== EXERCISE DATA ==
────────────────────────────────────────

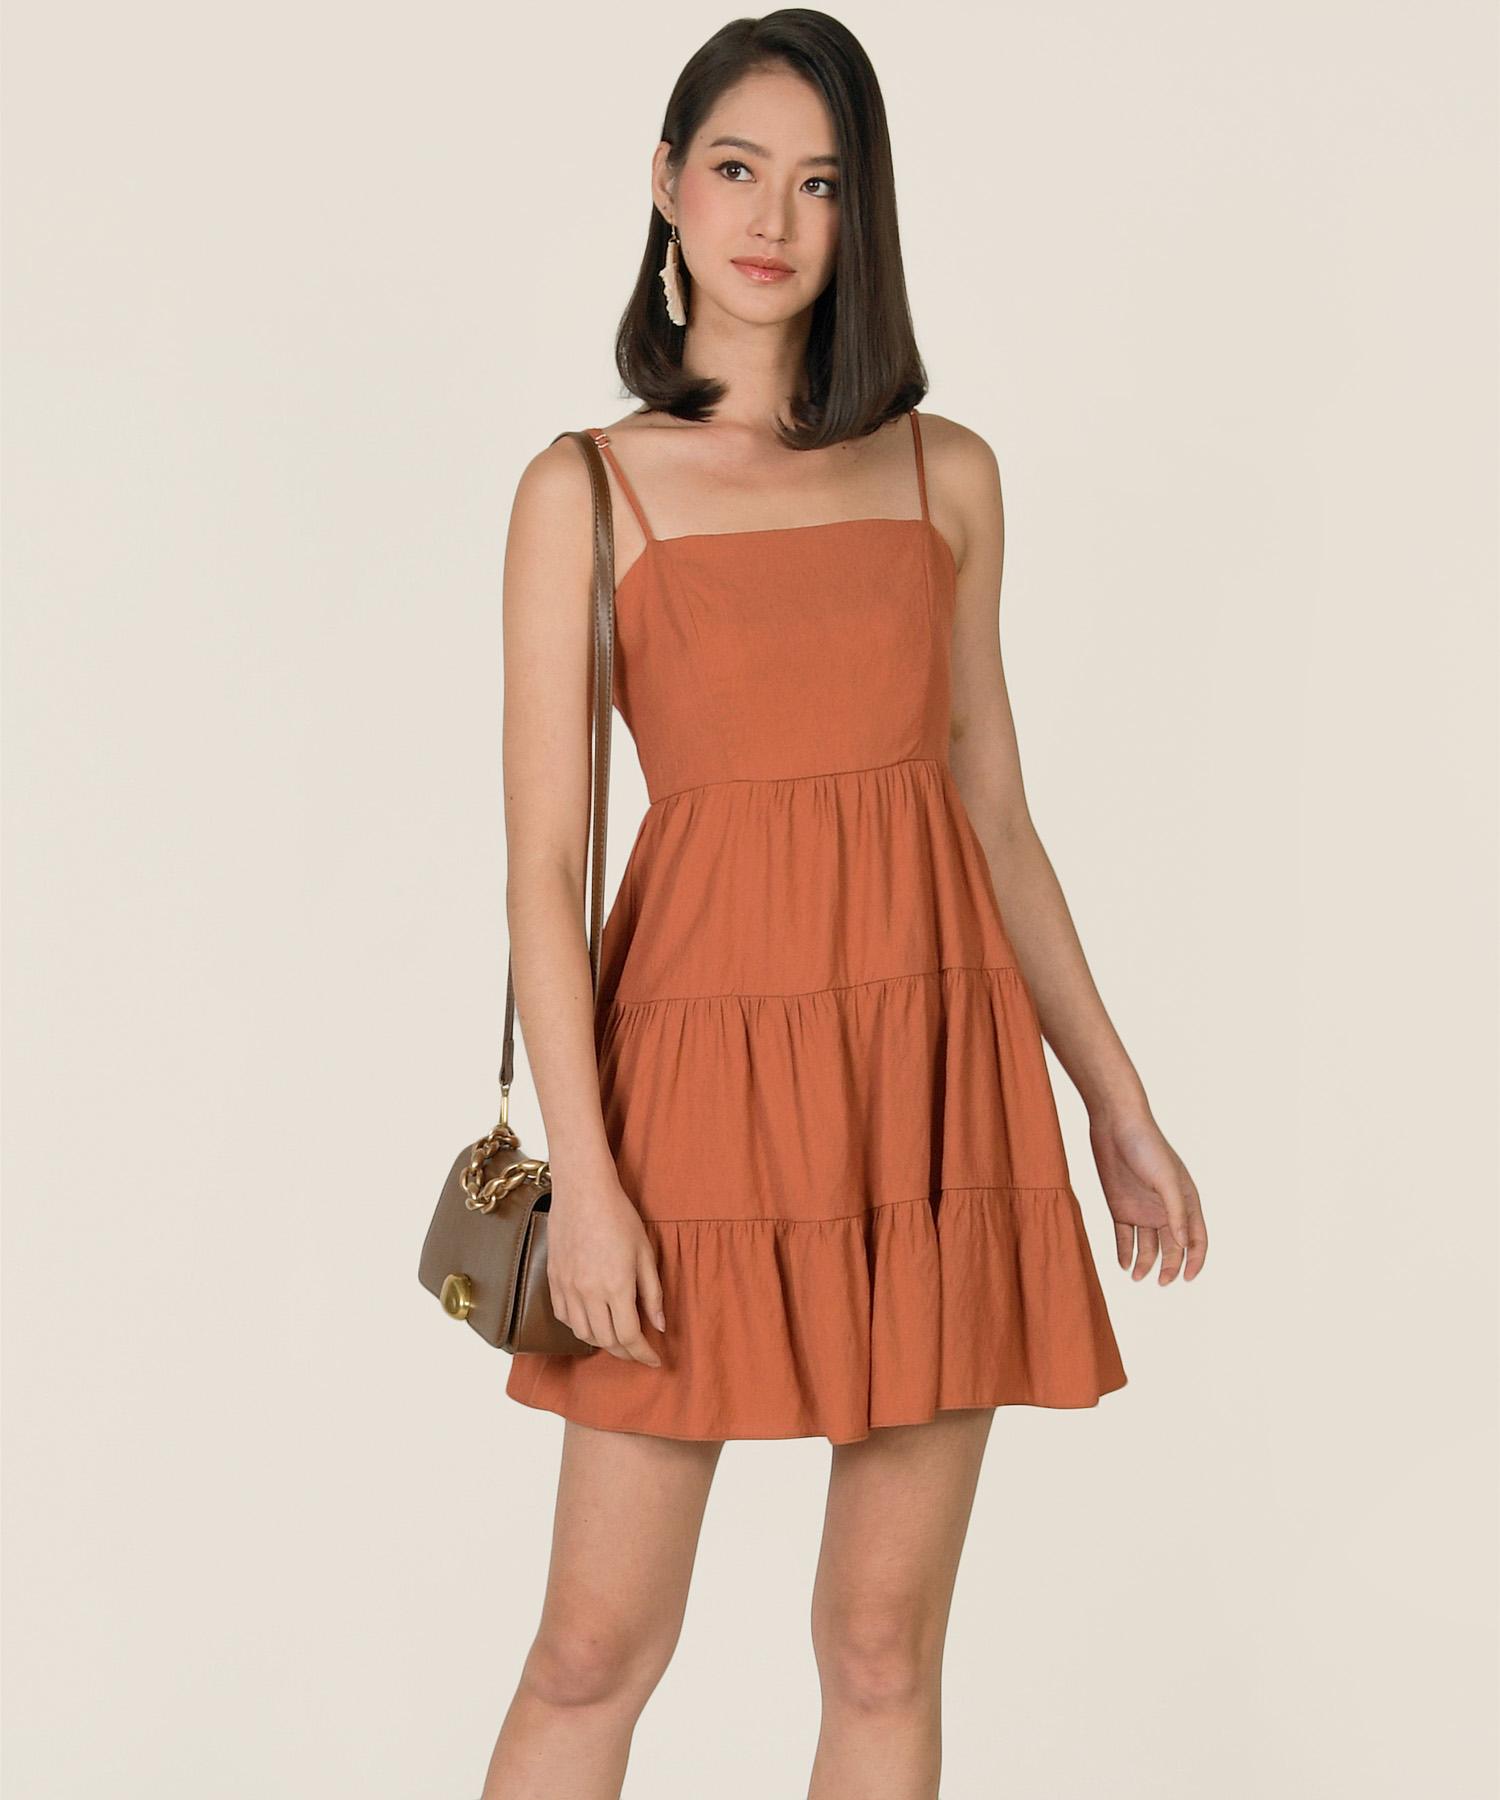 castella-linen-tiered-dress-terracotta-1
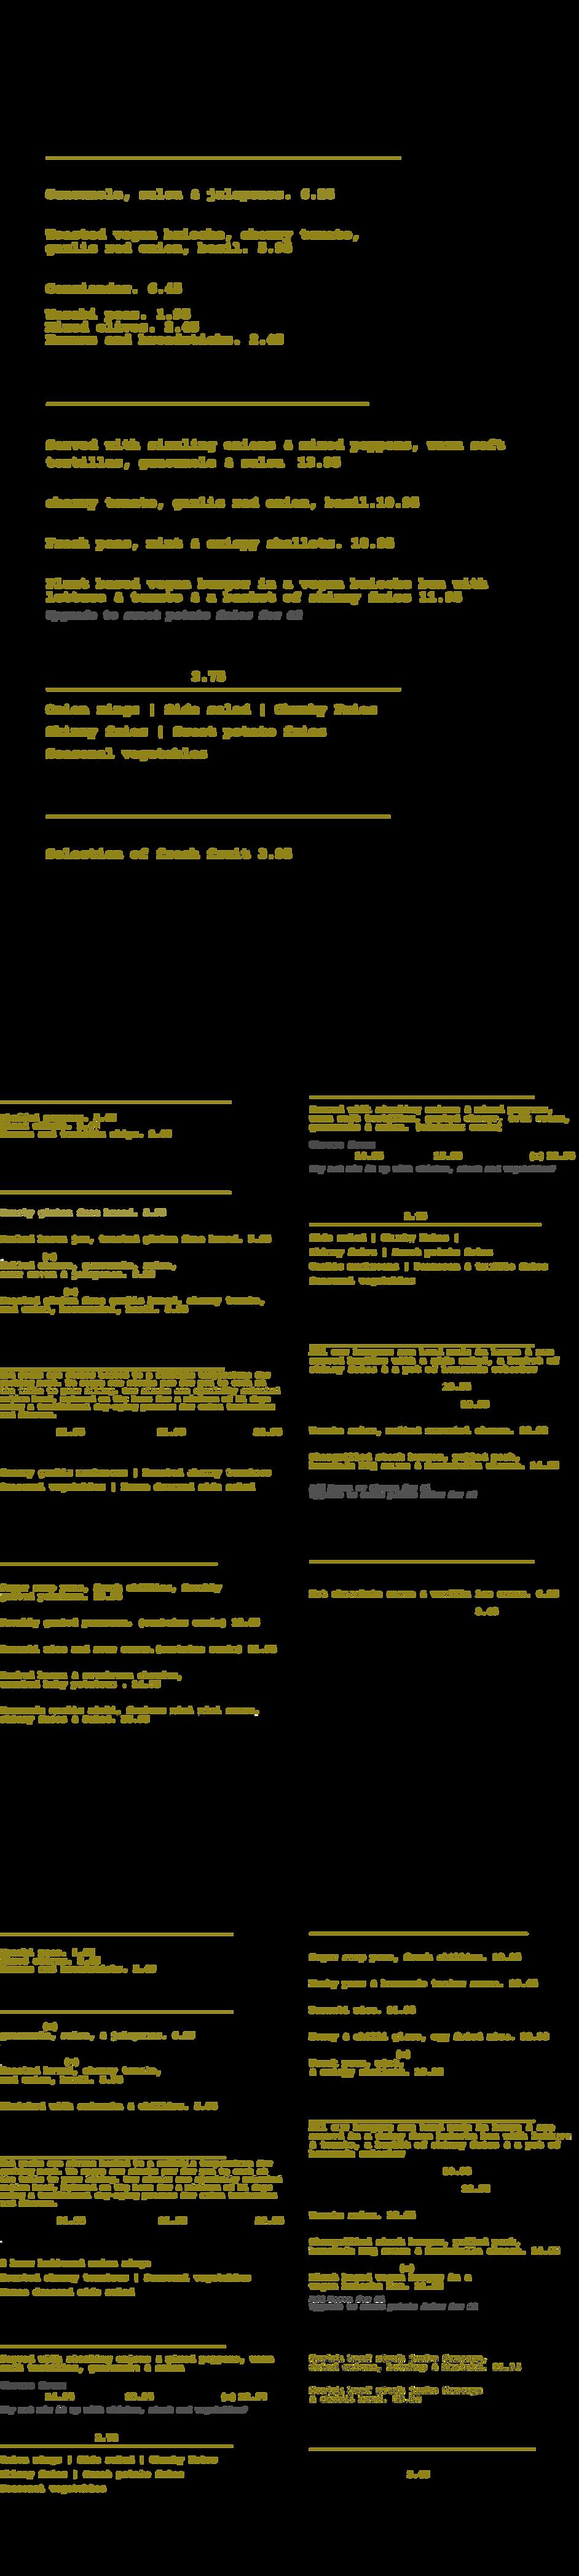 GF-DF-VGN-menu.png
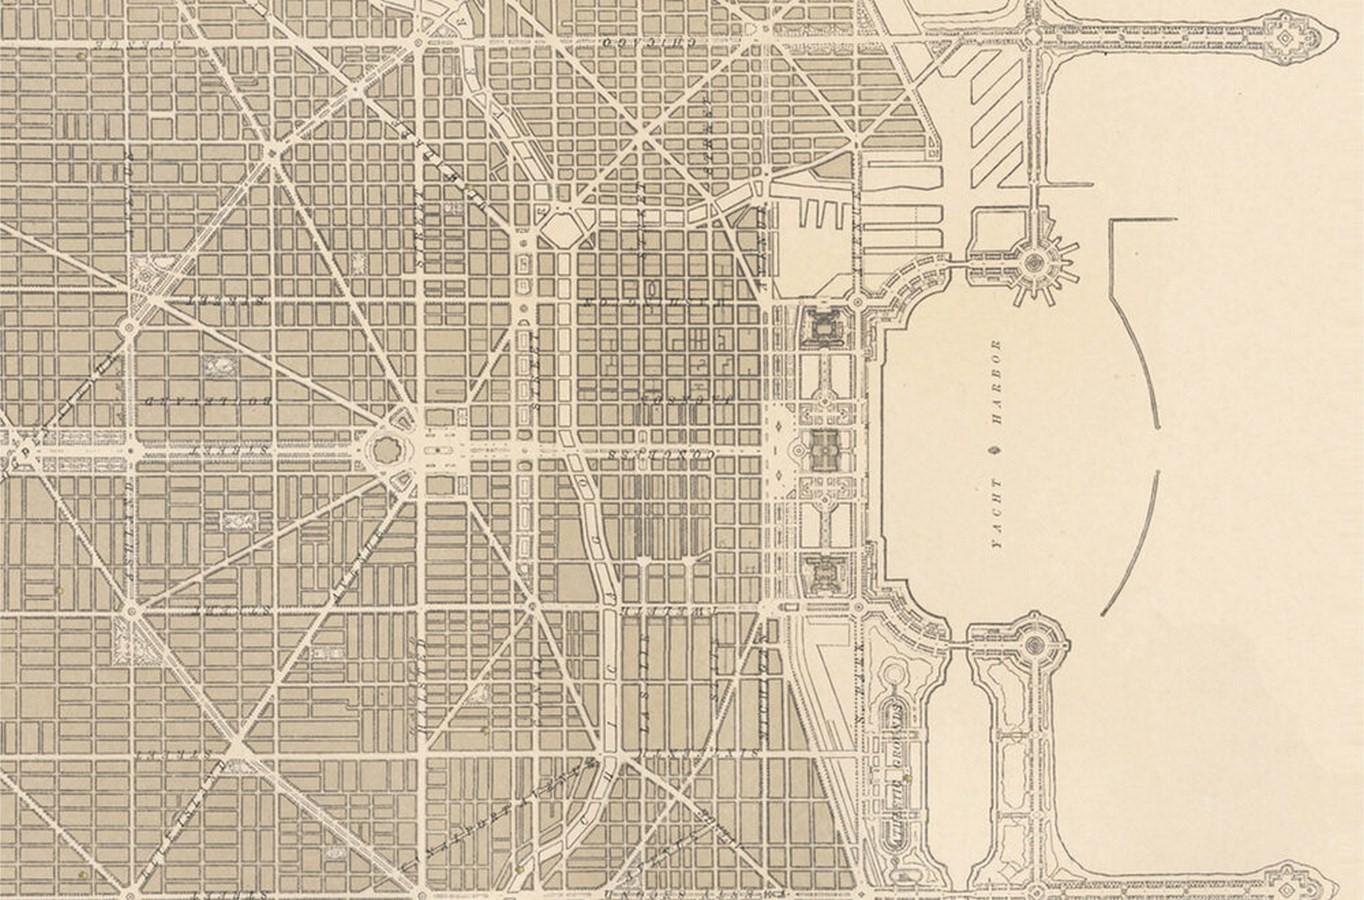 Plan of Chicago, 1909. - Sheet1
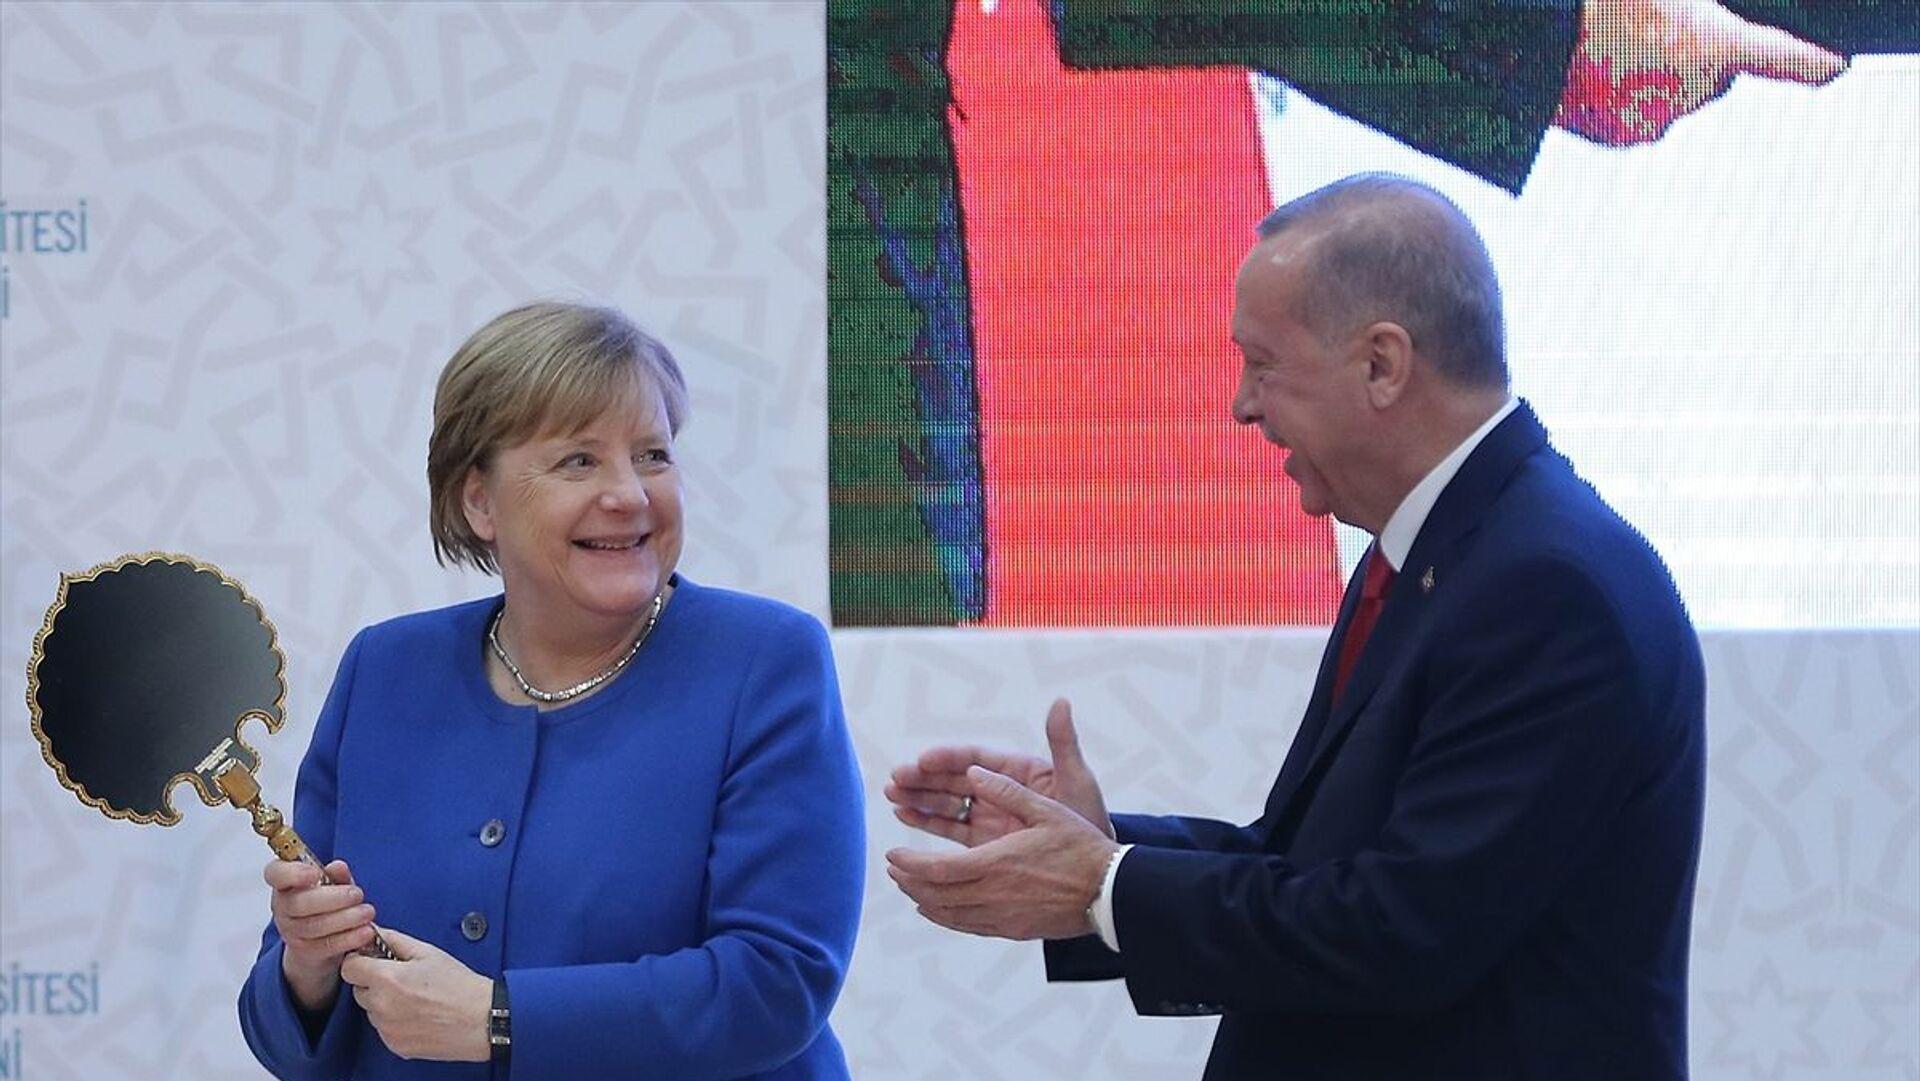 Erdoğan'ın hediyeleri Merkel'i mutlu etti. - Sputnik Türkiye, 1920, 15.09.2021

────────────────────────────────────────

== DESCRIPTION OF THE TASK ==
From the material above, output every line exactly as written, dropping any picture.

== RESULT OF THE EXERCISE ==
 castella-linen-tiered-dress-terracotta-1
 GF-DF-VGN-menu.png
 Plan of Chicago, 1909. - Sheet1
 Erdoğan'ın hediyeleri Merkel'i mutlu etti. - Sputnik Türkiye, 1920, 15.09.2021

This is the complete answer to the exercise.